● Data block:
********************

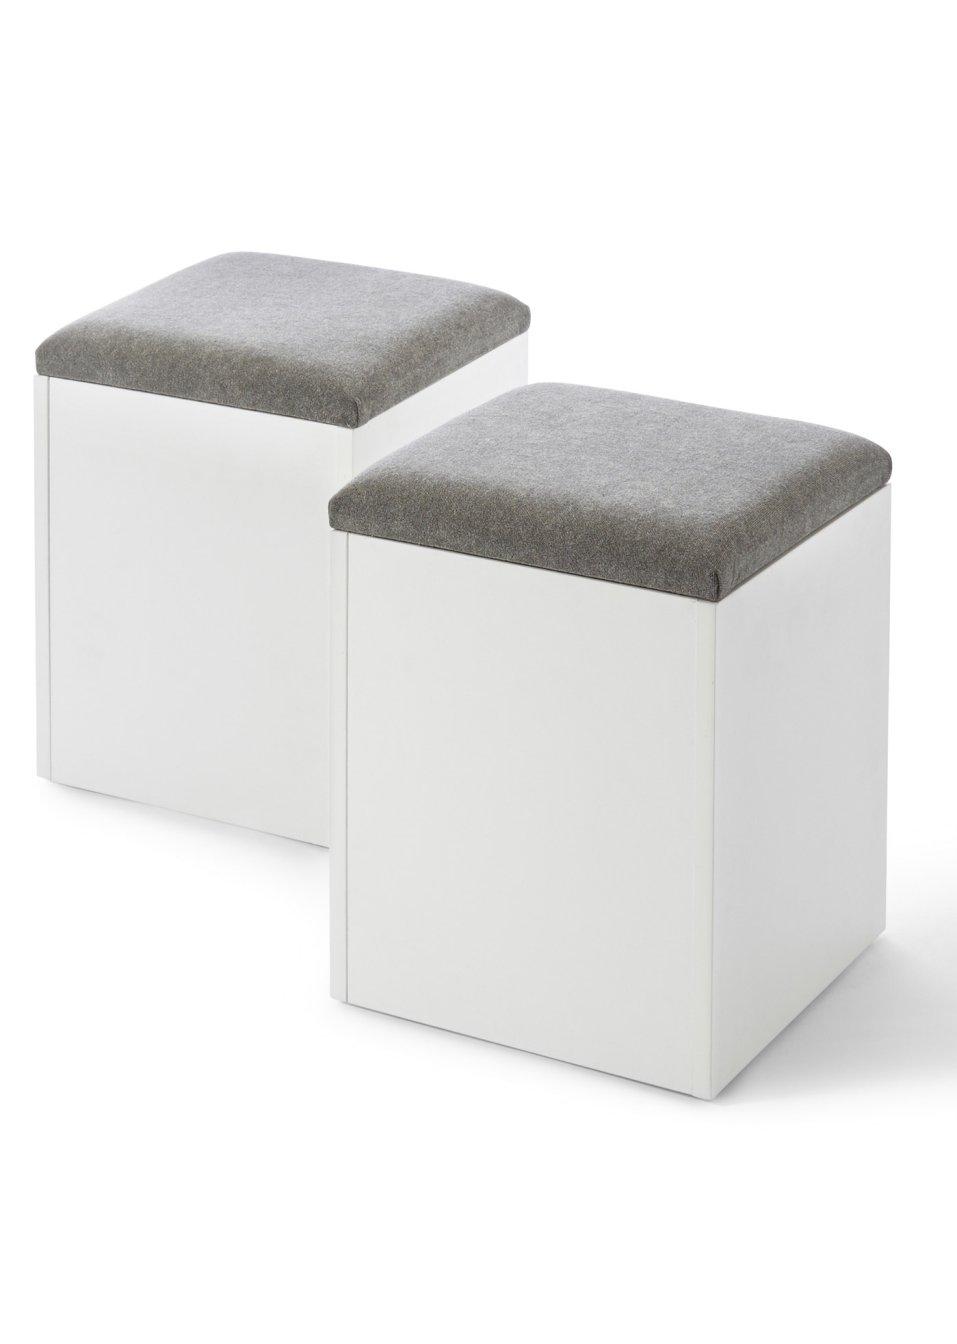 hocker klara wei grau bpc living online bestellen. Black Bedroom Furniture Sets. Home Design Ideas
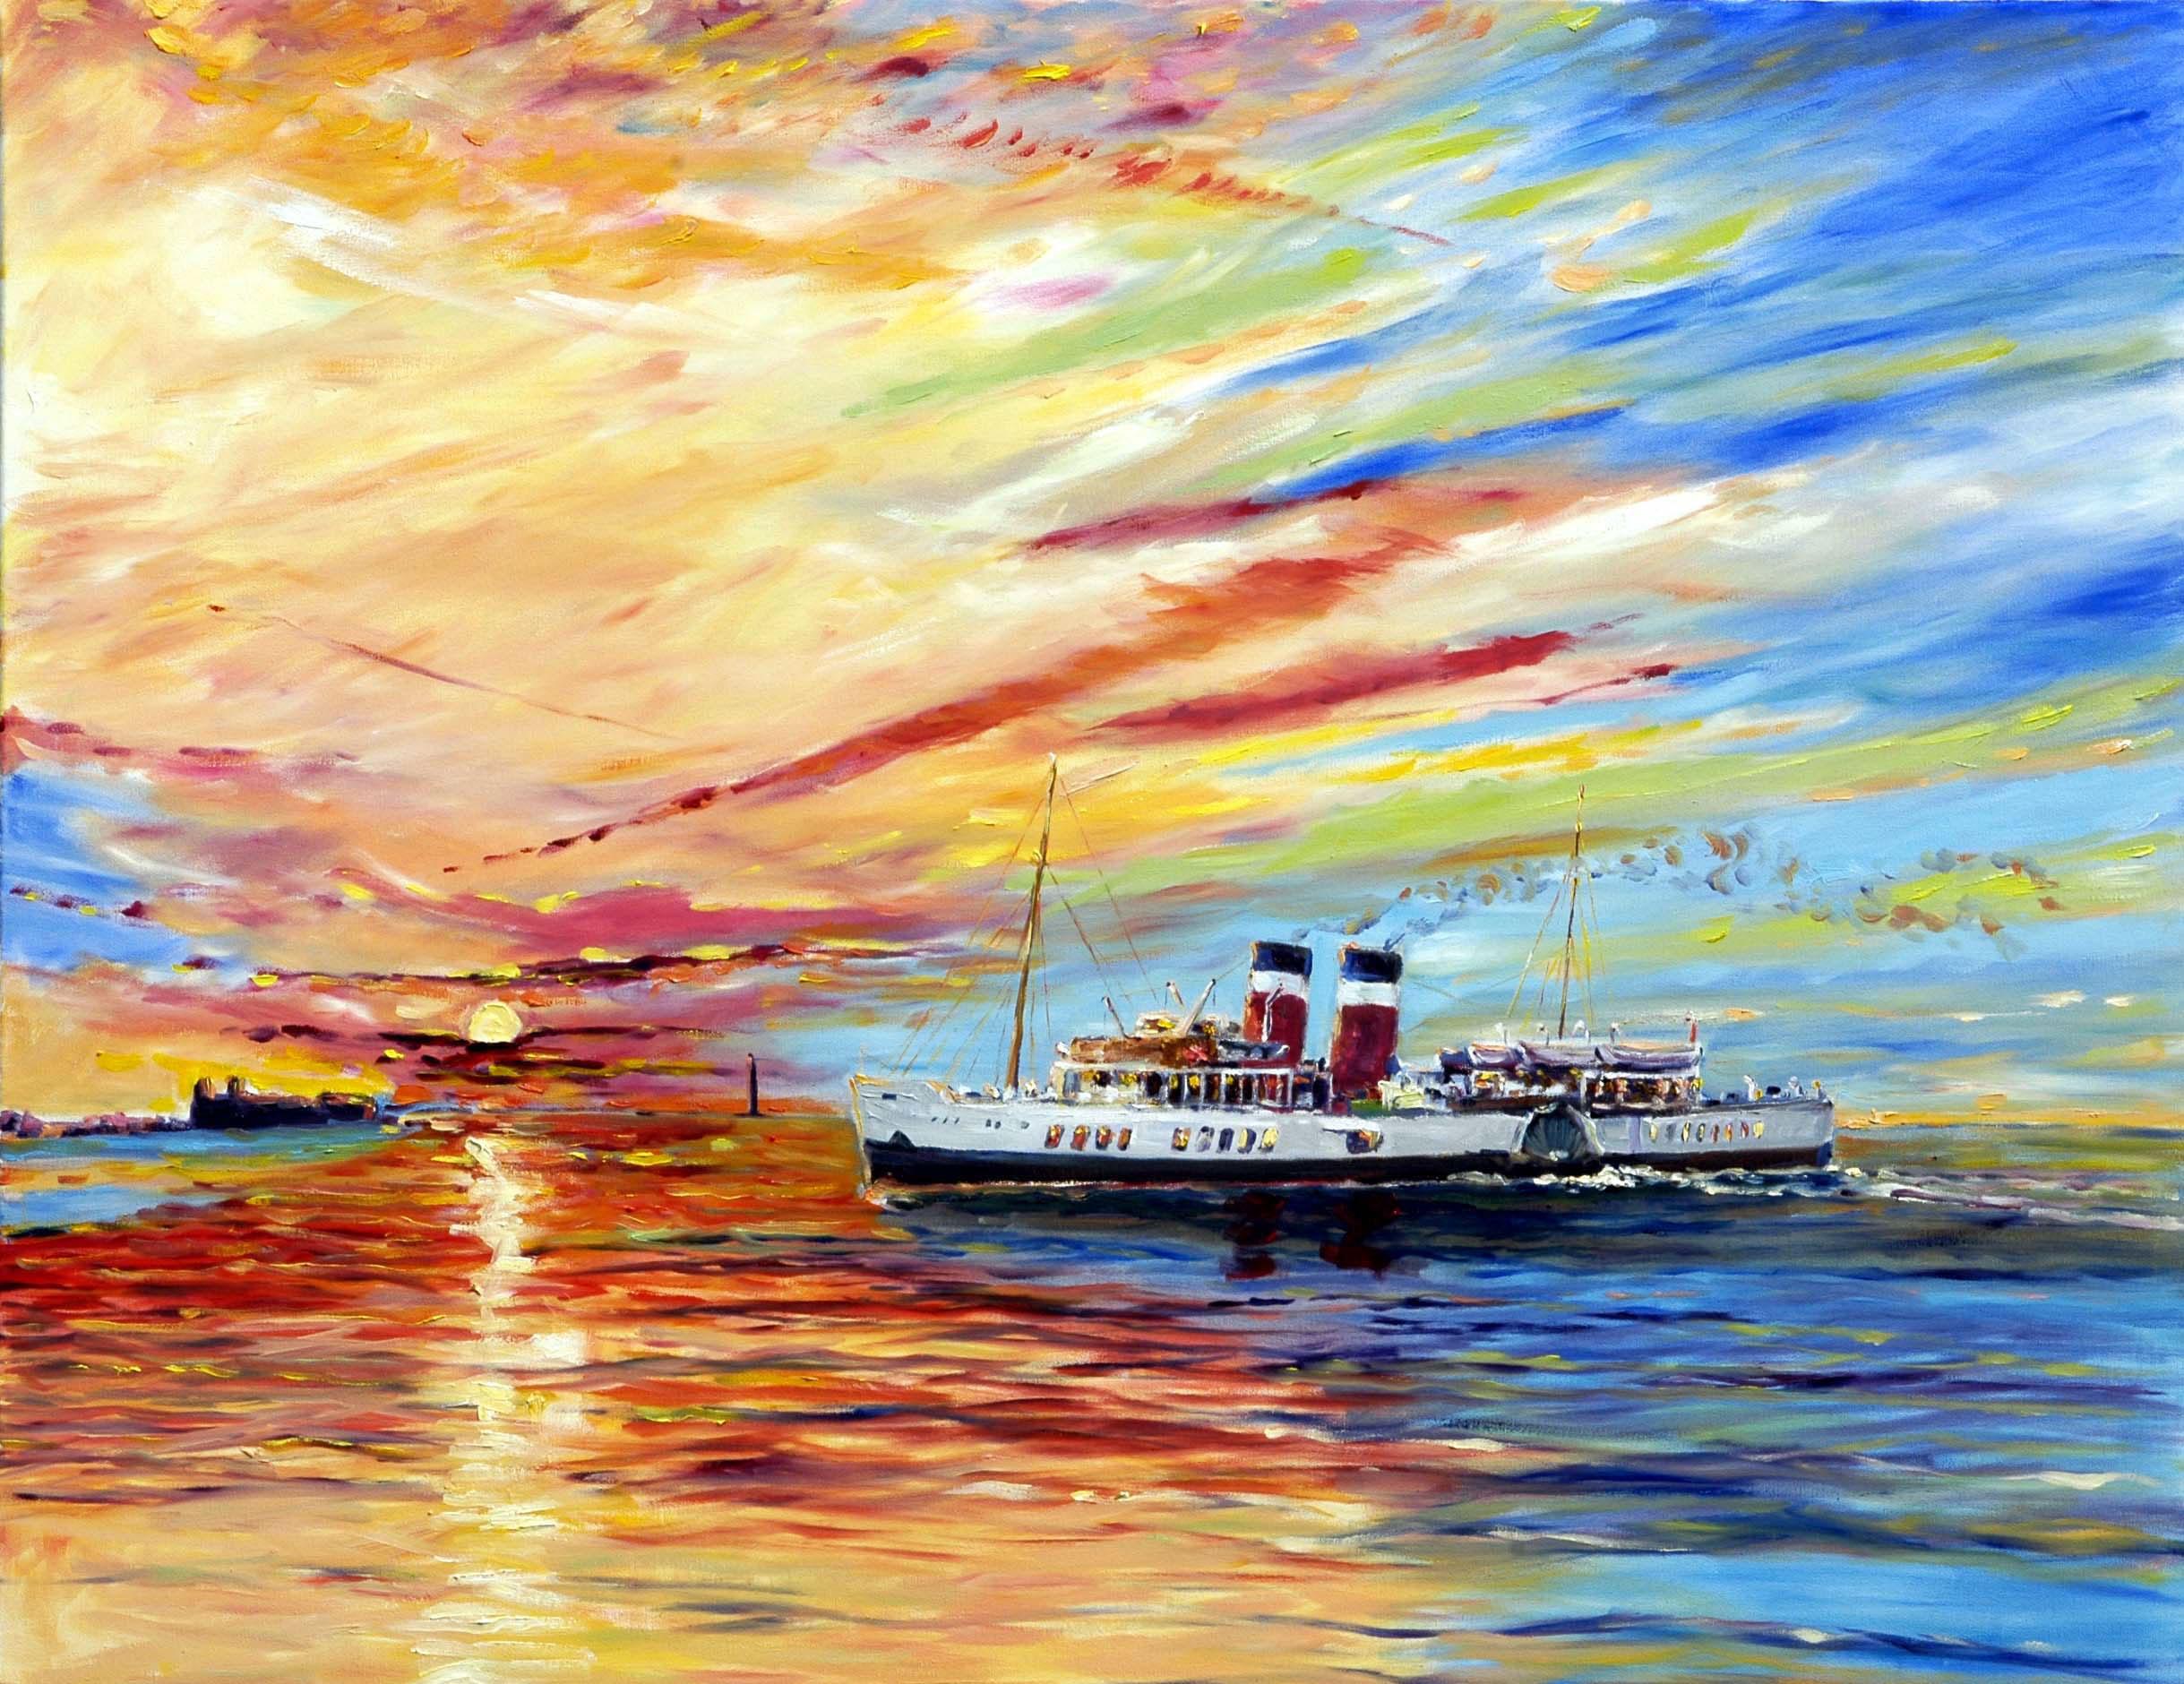 art classes, merseyside, southport, ss waverley entering river mersey, liverpool
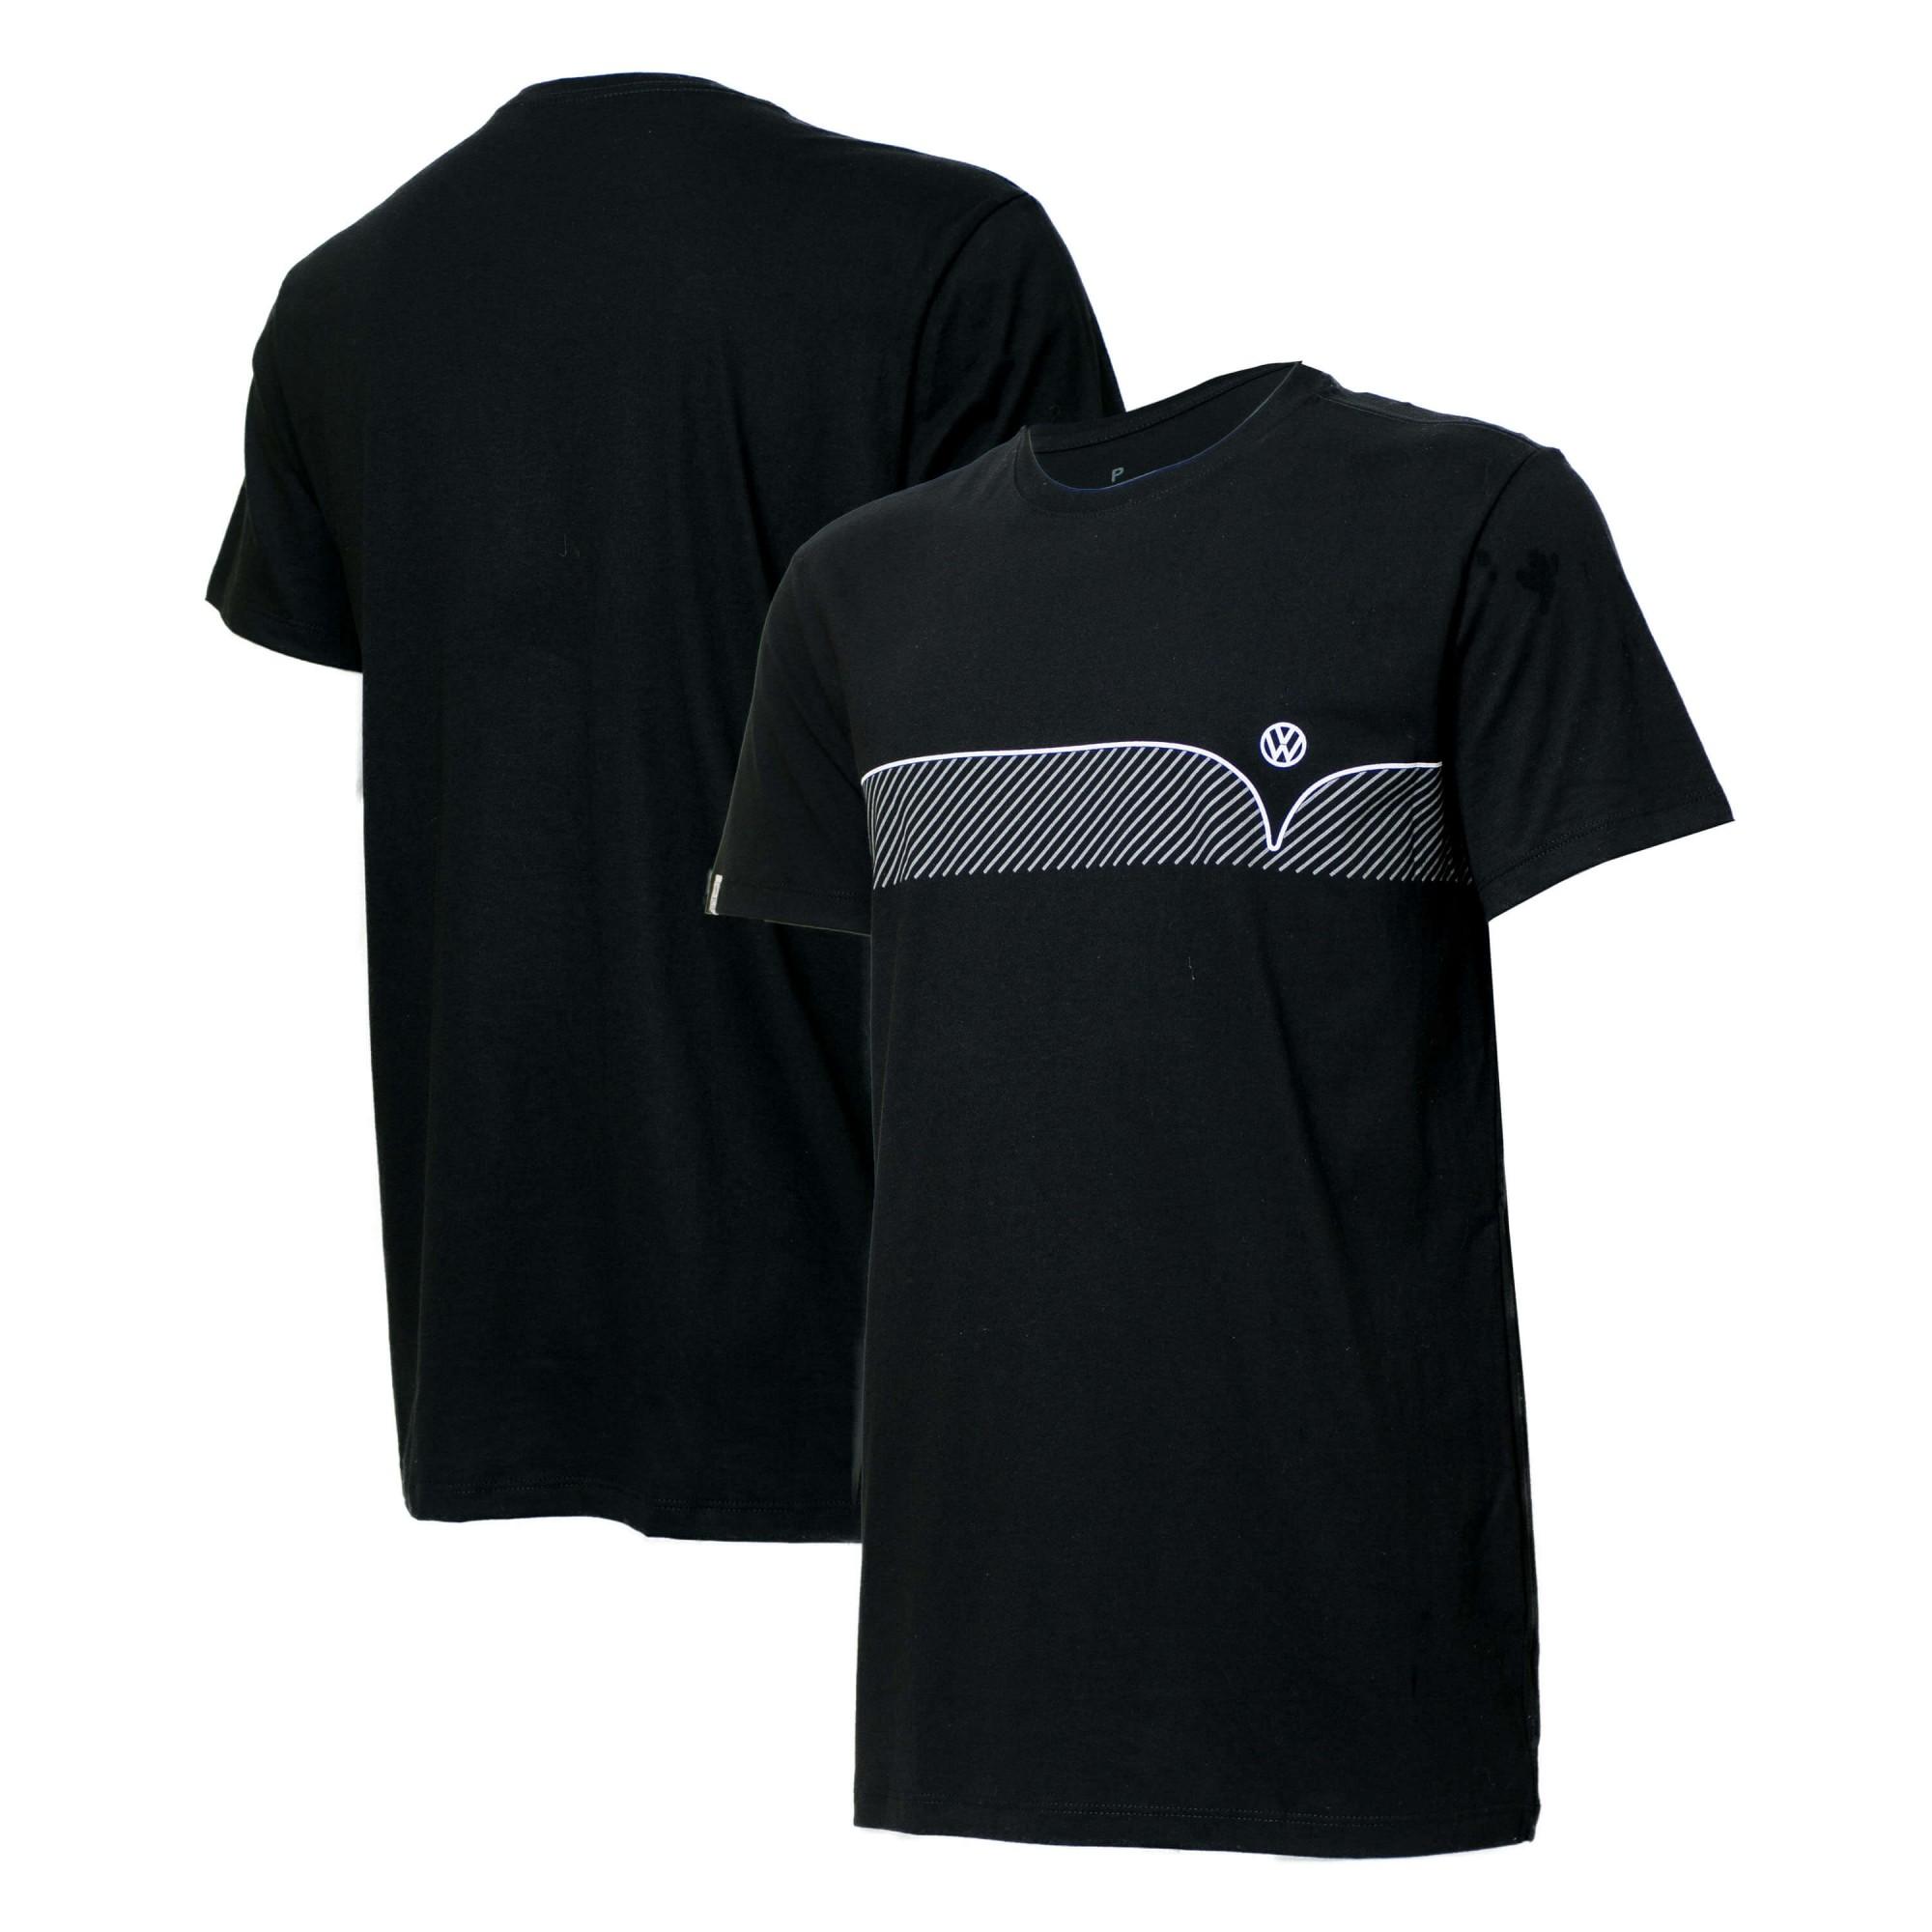 Camiseta VW Kombi Lines - Preta

********************

● Assigned task: Using the listing above, copy exactly the lines from the one that contains "art classes, merseyside, southport, ss" through its last line, both included, but not the pictures.

● Result below:
 art classes, merseyside, southport, ss waverley entering river mersey, liverpool
 Camiseta VW Kombi Lines - Preta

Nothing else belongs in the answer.